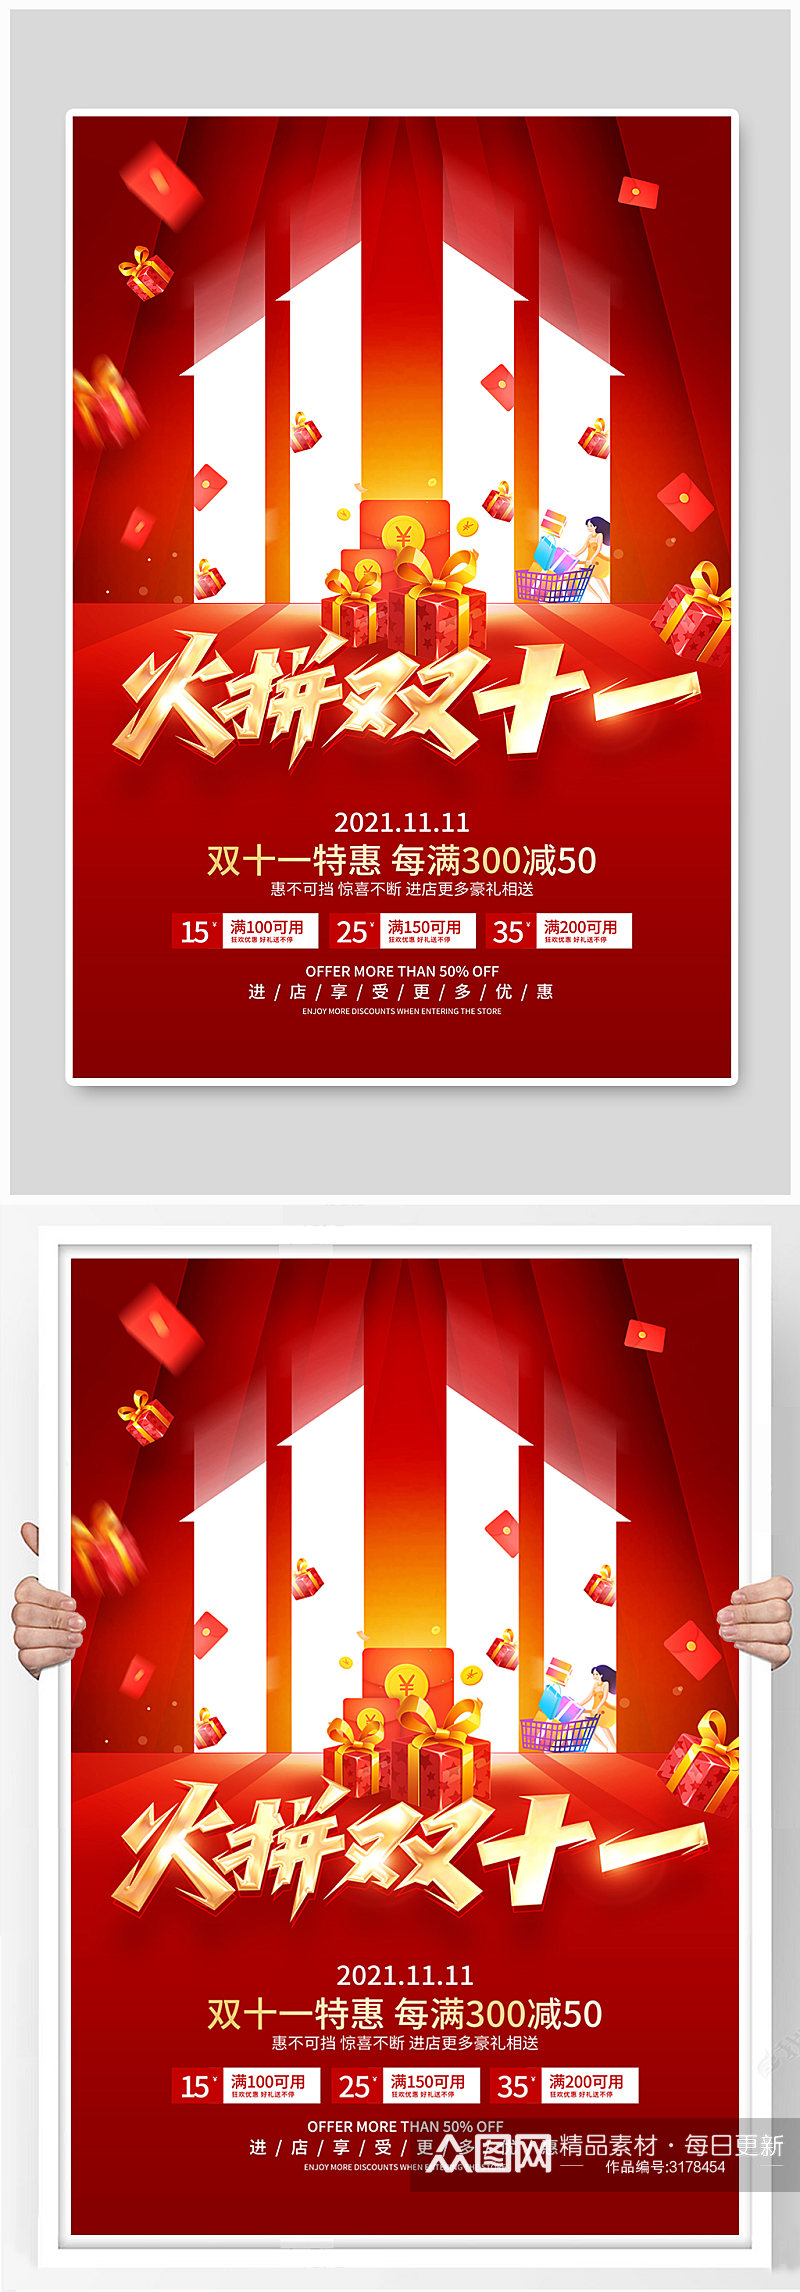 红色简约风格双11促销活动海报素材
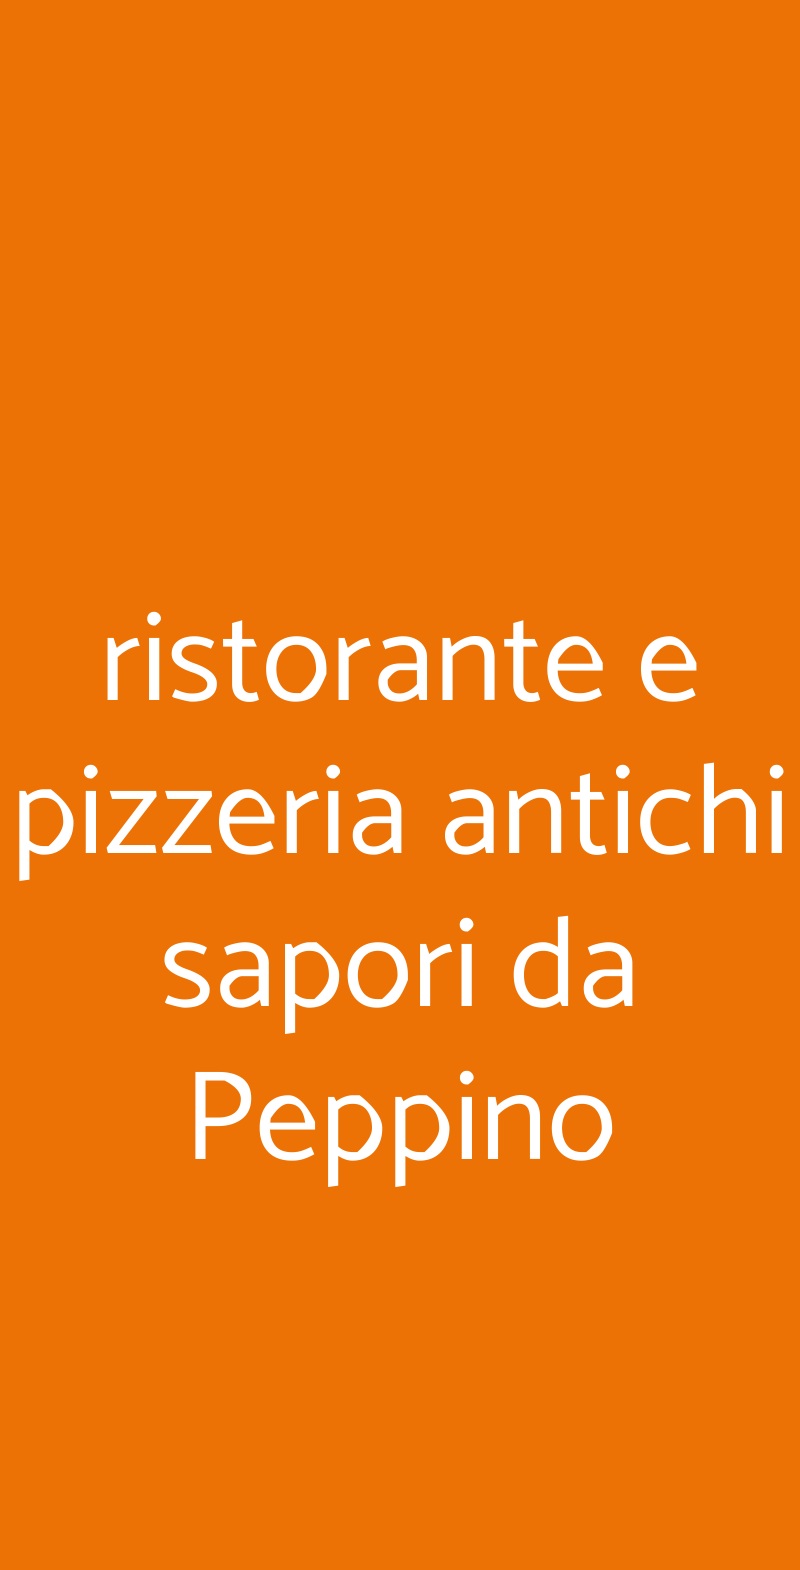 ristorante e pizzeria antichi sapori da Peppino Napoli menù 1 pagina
==========
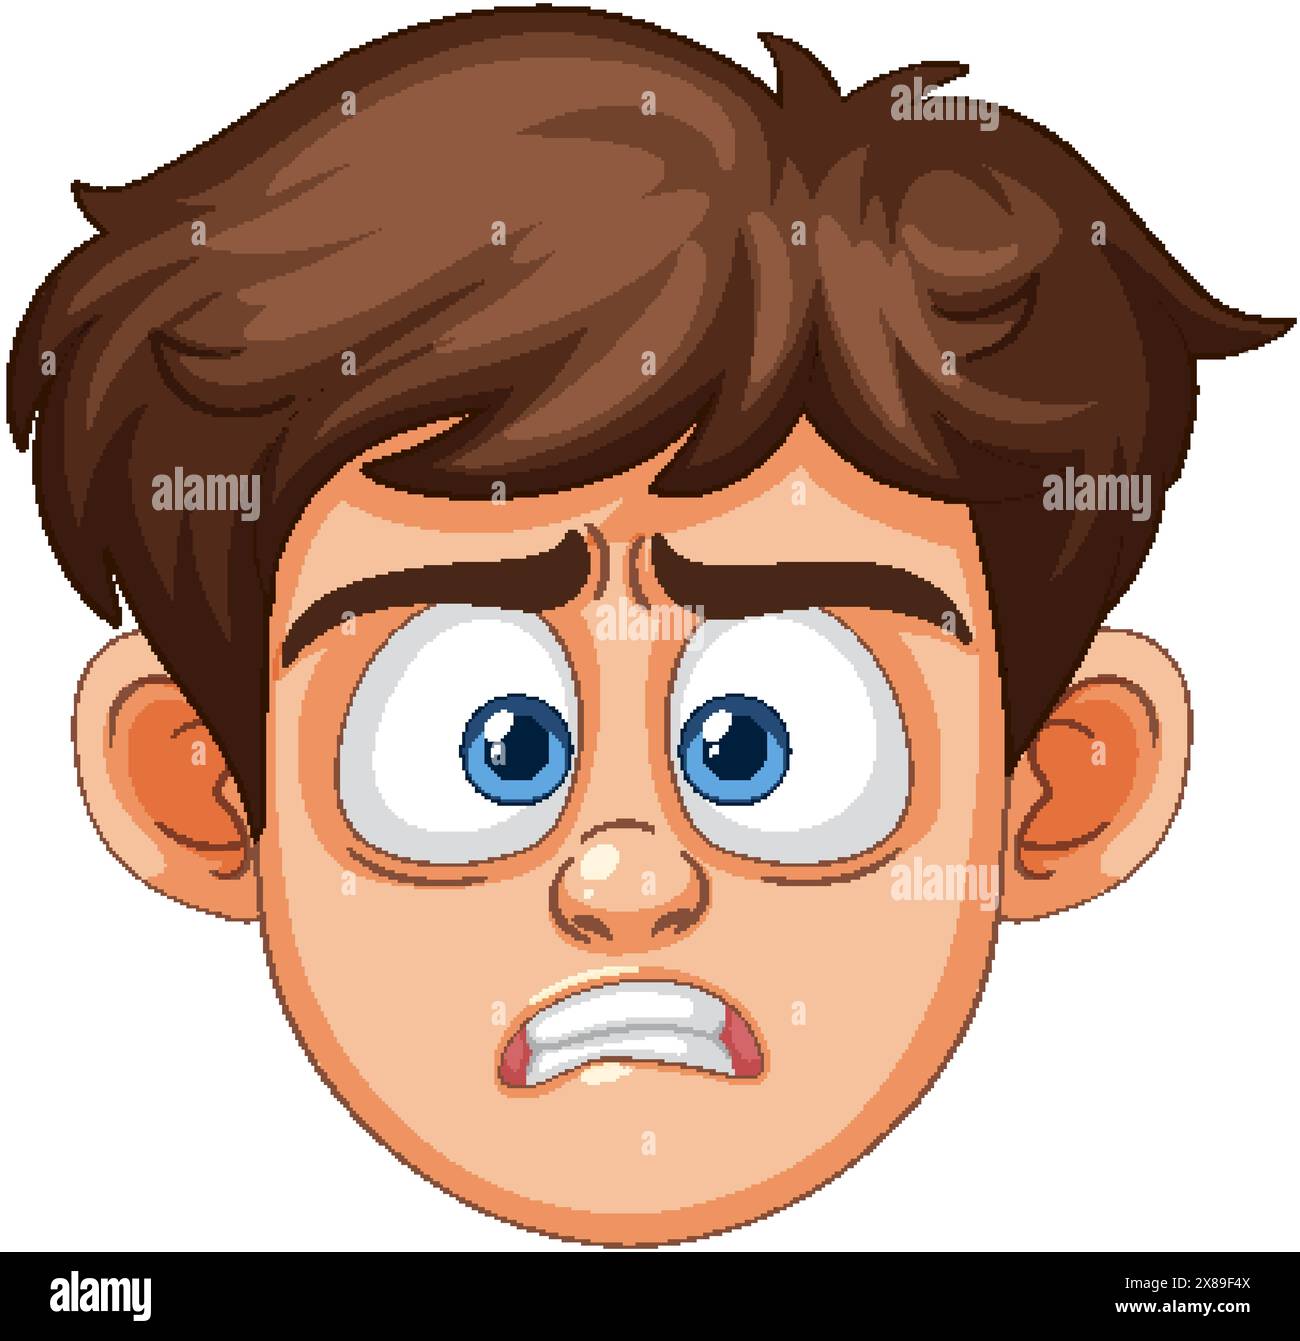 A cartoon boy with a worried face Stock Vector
==========
Leaving all pictures out, output exactly the lines of the material above from the line with "红色简约风格双11促销活动海报素材" to the line with "ristorante e pizzeria", both included.

 红色简约风格双11促销活动海报素材
 ristorante e pizzeria antichi sapori da Peppino Napoli menù 1 pagina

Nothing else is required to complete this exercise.